If the \(RR_{acmr}\) < \(RR_{aacmr}\), we are underestimating deaths.If the \(RR_{acmr}\) > \(RR_{aacmr}\) then we are over-estimating deaths.This can be illusted by the following equations:
LWB=low birth weight babiesNBW=normal birth weight babies (or TMREL category)\(RR_{acmr}\) = \(\frac{\text{(LBW\_deaths\_affected + LBW\_deaths\_unaffected)/LBW\_births}}{\text{(NBW\_deaths\_affected + NBW\_deaths\_unaffected)/NBW\_births}}\)
= \(\frac{\text{(LBW\_deaths\_affected + LBW\_deaths\_unaffected)}}{\text{(NBW\_deaths\_affected + NBW\_deaths\_unaffected)}} \times \frac{\text{NBW\_births}}{\text{LBW\_births}}\)
\(RR_{aacmr}\) = \(\frac{\text{LBW\_deaths\_affected/LBW\_births}}{\text{NBW\_deaths\_affected/NBW\_births}}\)
= \(\frac{\text{LBW\_deaths\_affected}}{\text{NBW\_deaths\_affected}} \times \frac{\text{NBW\_births}}{\text{LBW\_births}}\)

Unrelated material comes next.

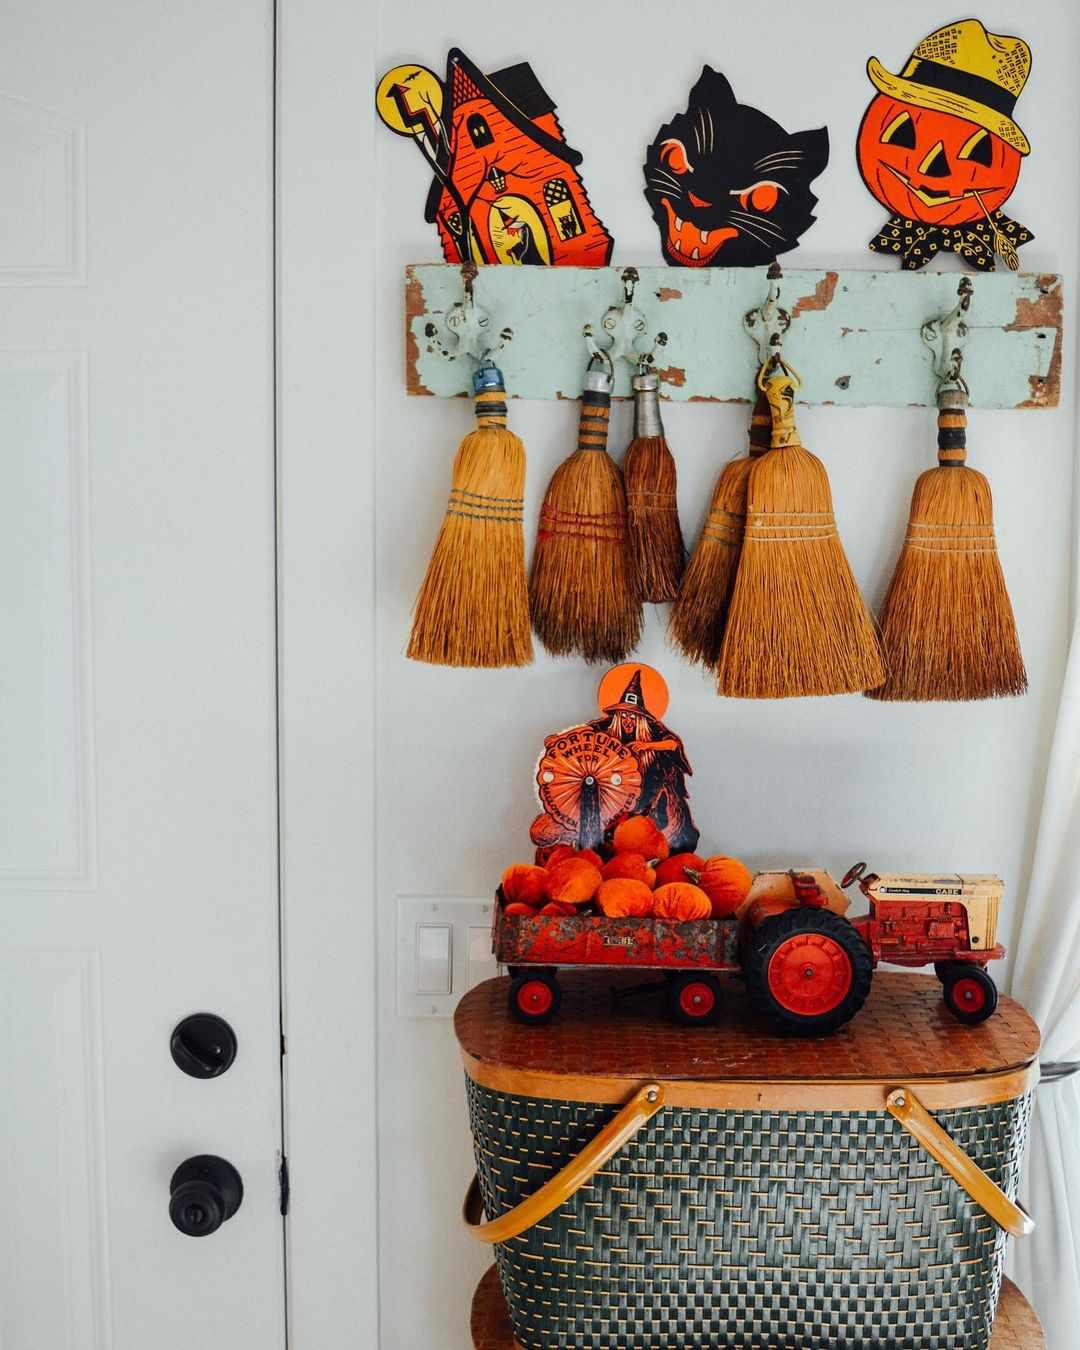 Brooms hanging up

Since we do not know the ratio of the number of \(\text{LBW\_deaths\_unaffected}\) to the number of \(\text{NBW\_deaths\_unaffected}\), we do not know the direction of bias. We would need to analyse the stratified microdata.
Todo
check to see (LBW_deaths_unaffected / NBW_deaths_unaffected) ?<? (LBW_deaths_affected / NBW_deaths_affected) or the reverse inequality?
if this above inequality is true, then it implies RR_acmr < RR_aacmr (the math checks out)
at first glance, the above inequality seems more likely than the reverse, BUT the unaffected causes include reverse causality causes which can complicate things.
thus, we should dig into a bit more later
Risk Exposure Model Diagram
Data Description Tables
Validation Criteria
Our baseline scenario should compare with GBD artifact data with regards to:
LBWSG exposure categories (note: consider a proxy for this so that we don’t need to observe person time in each category, perhaps mean BW or mean RR or birth prevalence?)
All-cause mortality rates in the early neonatal and late neonatal categories
Pay special attention to the green causes (affected, modelled), as it’s possible that CSMR’s will not exactly match for these, throwing off the ACMR.
According to the math, the CSMRs for the blue and pink causes should validate, so it would be a good idea to explicitly compare “deaths due to other causes” in our model to the sum of CSMRs in these groups.